Lot Torelli (October 30, 1835, in Florence – 1896) was an Italian sculptor.

He studied at the Academy of Fine Arts, but in 1858, due to family misfortunes, had to leave Florence for Paris. He returned the next year, enrolling as a volunteer in the war of Independence. By 1862, he returned to making sculpture. In 1865, he won a three-year stipend from the academy.

Among his major works are: a medallion representing the future Queen, Princess Margherite, exhibited at Florence in 1871; Adam and Eve, which became statues on the facade of the Duomo of Florence. He submitted sculptures to the 1876 Centennial Exposition, Philadelphia. Other works were completed alongside Giuseppe De Fabris include Il mar glaciale, bronze bas relief and The Angel Messenger of Peace found in the urban cemetery of Pisa.
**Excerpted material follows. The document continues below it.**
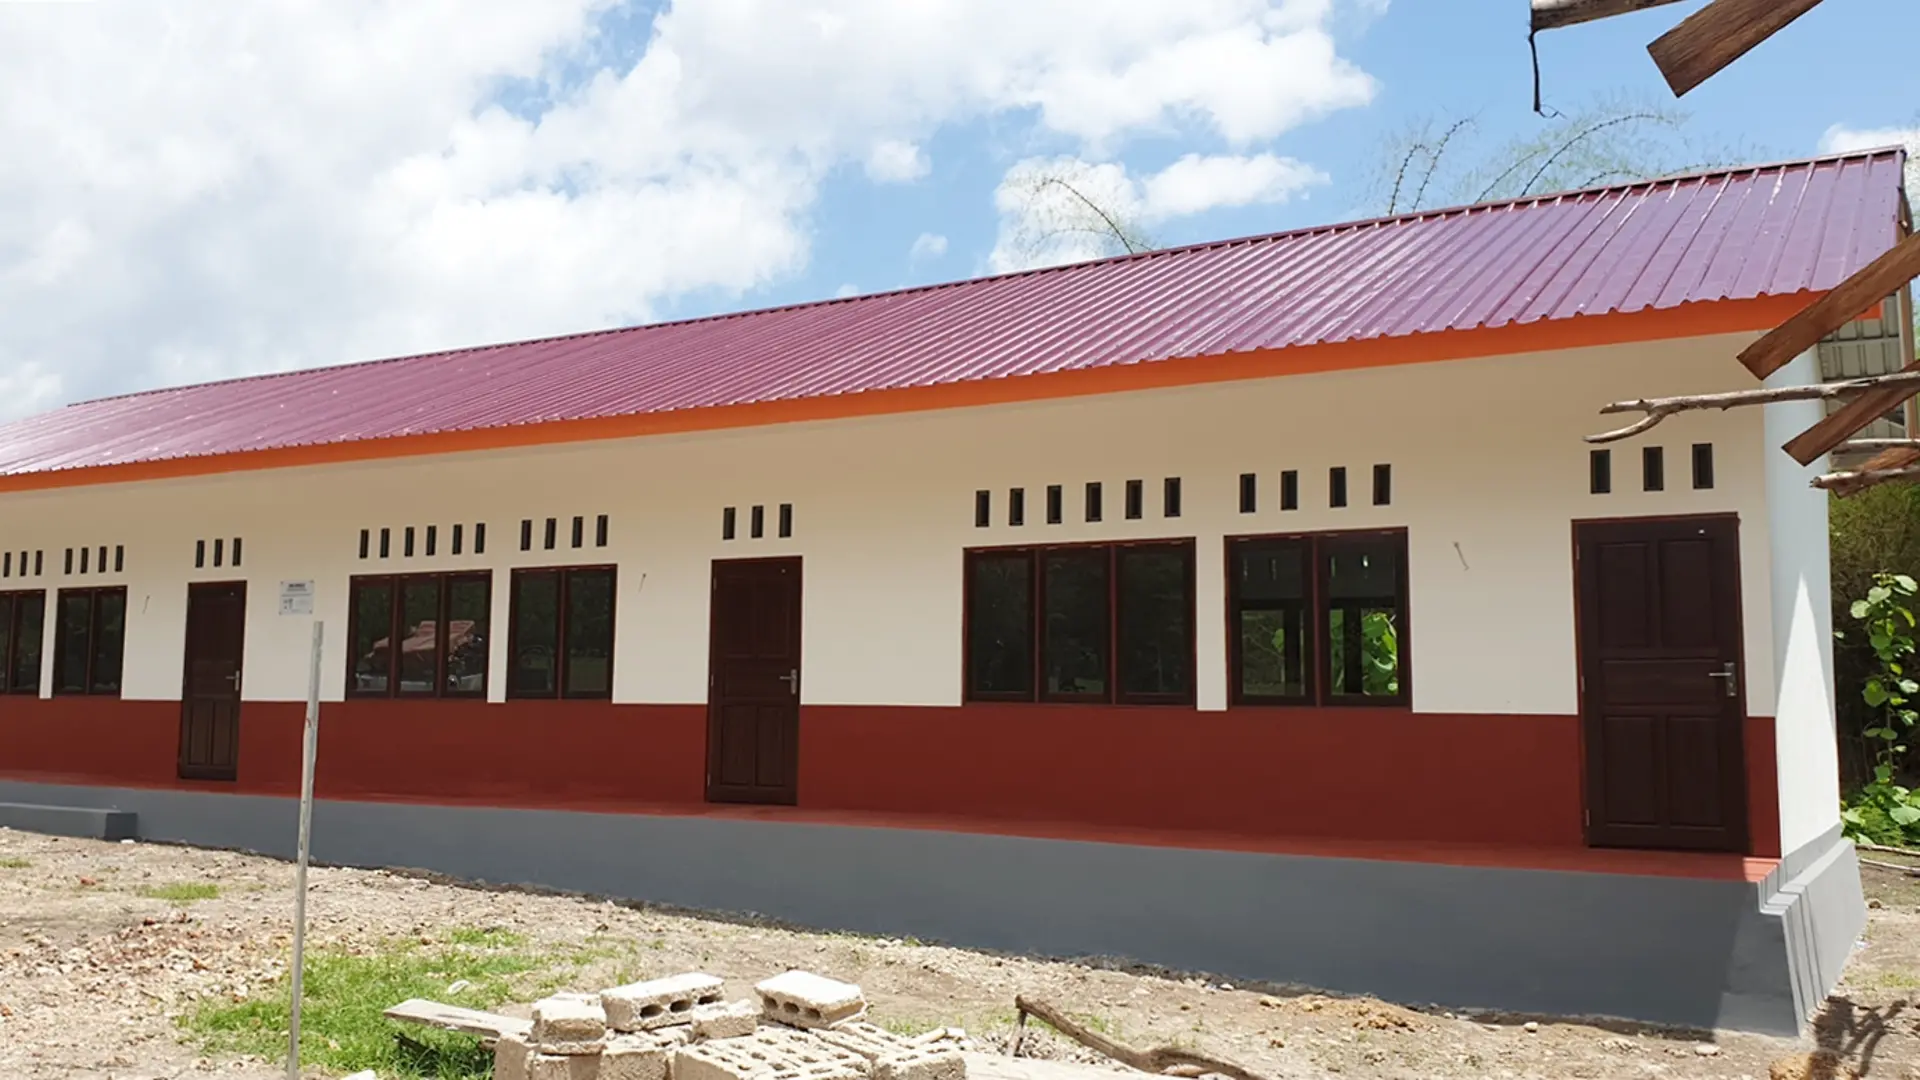 The new school building has a stronger structure and is built with sustainable materials. This will help to create a more conducive learning environment for the students.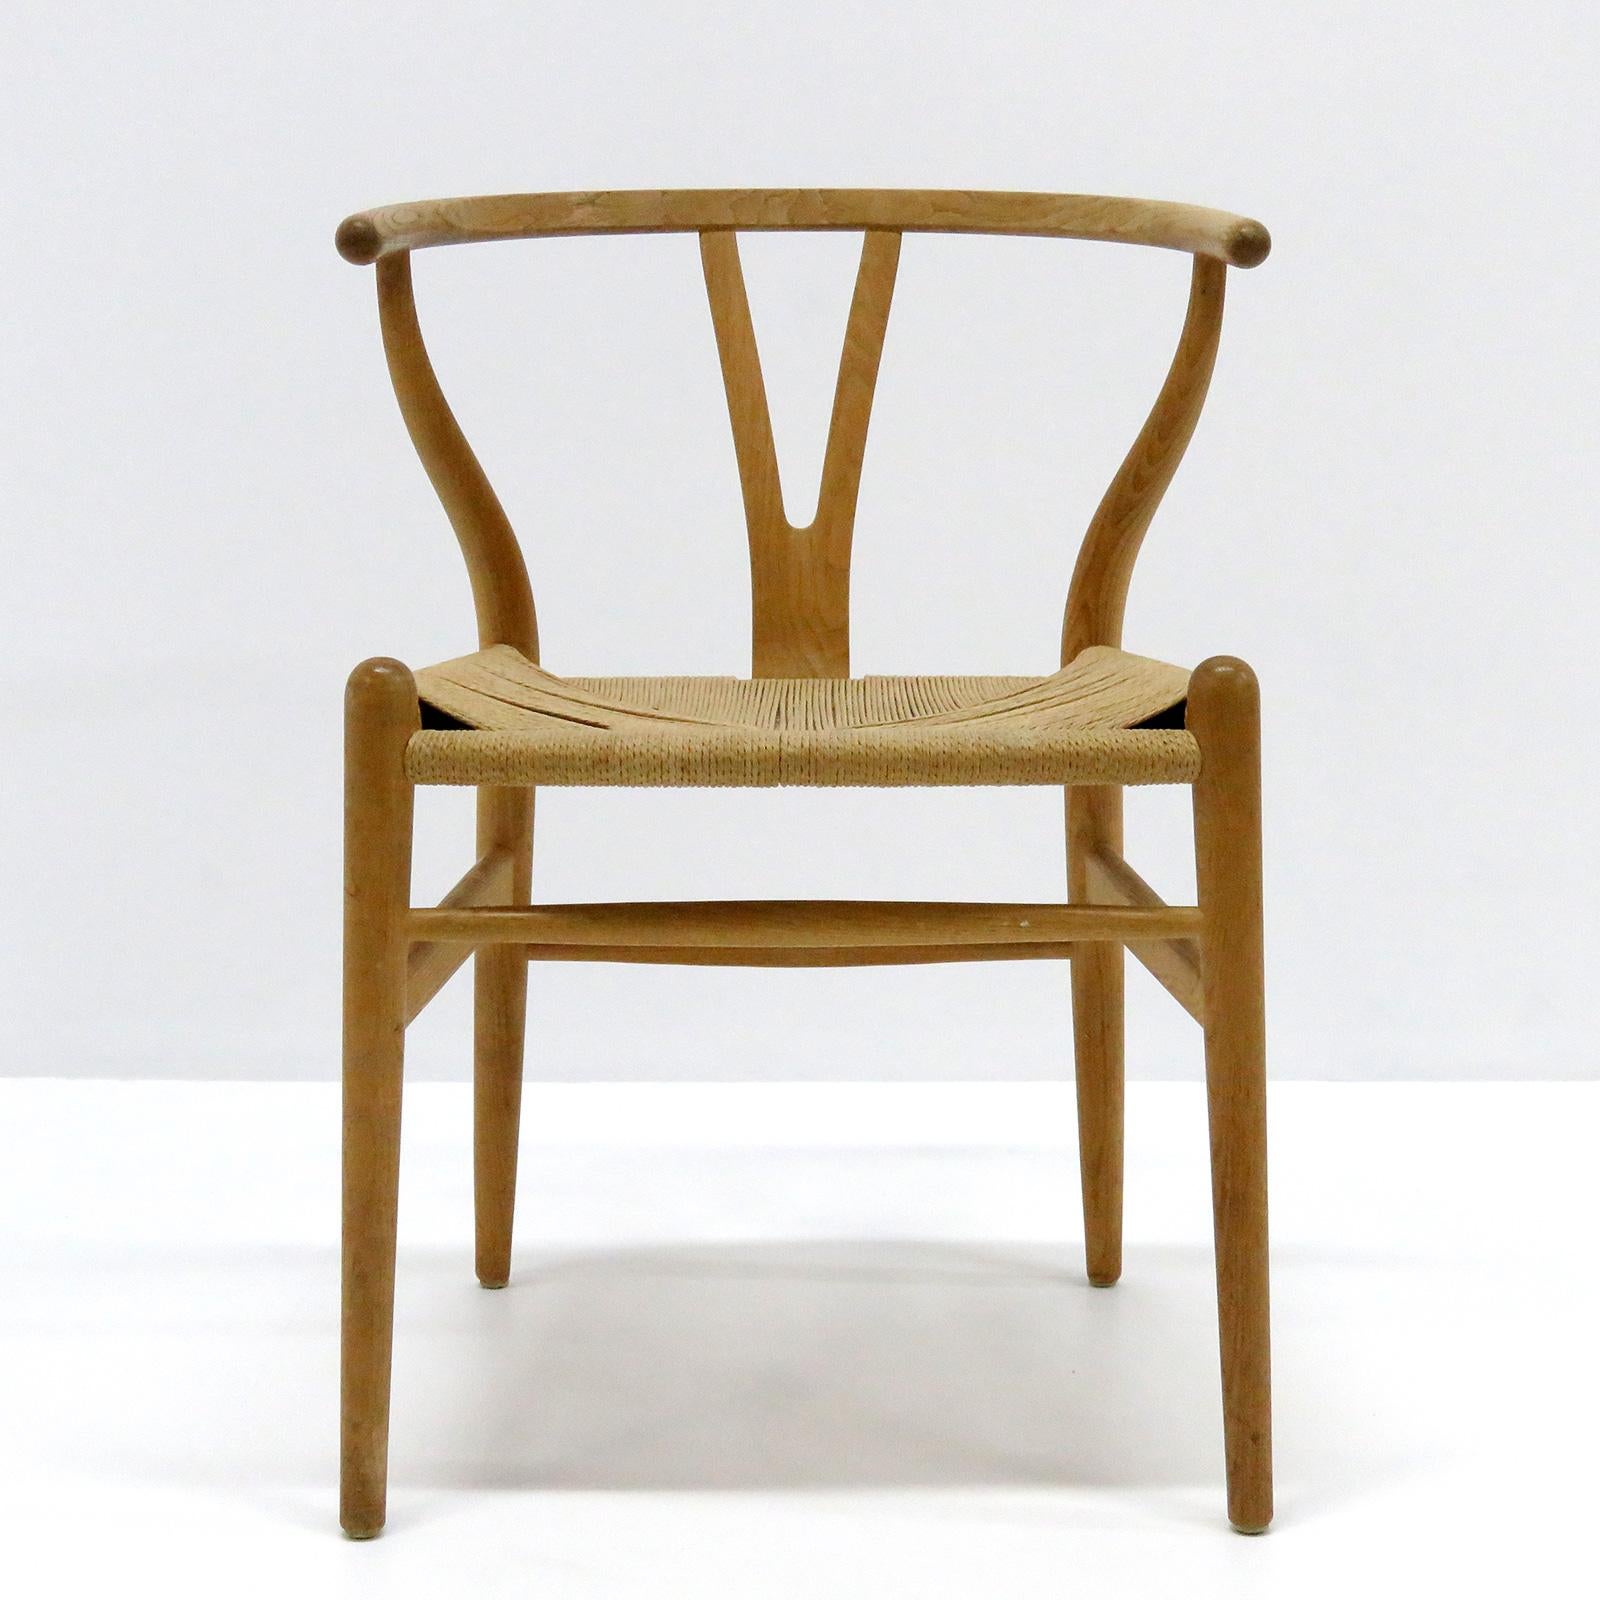 Wonderful model CH-24 dining chairs by Hans Wegner for Carl Hansen & Søn, designed in 1950, in light oak with woven paper cord seat, four seat cushions with significant wear and stains are available on request, marked.

Torelli completed many funereal monuments, including one commissioned by Marchesa Toscanelli for her son Giovanni, who is buried at his villa alla Chiocciola near Florence; another for signora Giulia Mari and her daughter for the cemetery of Jacopo in Terenzano. He completed portraits of the son of Mr Doggett of Chicago; the son of Mr Waldo, of New York; of the Duke Pado of Mecklenburg Schwerin; and of Mrs Fiyrer of London. He sculpted a Triton for a fountain. Tasso as a youth; The Shameful; Psiche al laccio; Colomba messaggera; Pescatori; a half-figure of an old man titled Last Loves; Soap Bubbles (a half-figure); La sorpresa; The princess of Wales; Fior di Maria; Il soldatino; Shakspeare also called il fattorino del Beccaio; and Eve. Torelli was the winner of various prizes; in 1869, he won the gold medal at the Exposition for Encouragement of Fine Arts in Rome; in 1871, the Cross of Gold at the International Exhibition in London; and gold medals in Florence, Vienna, and Philadelphia. He became professor of the Academy of Fine Arts of Florence.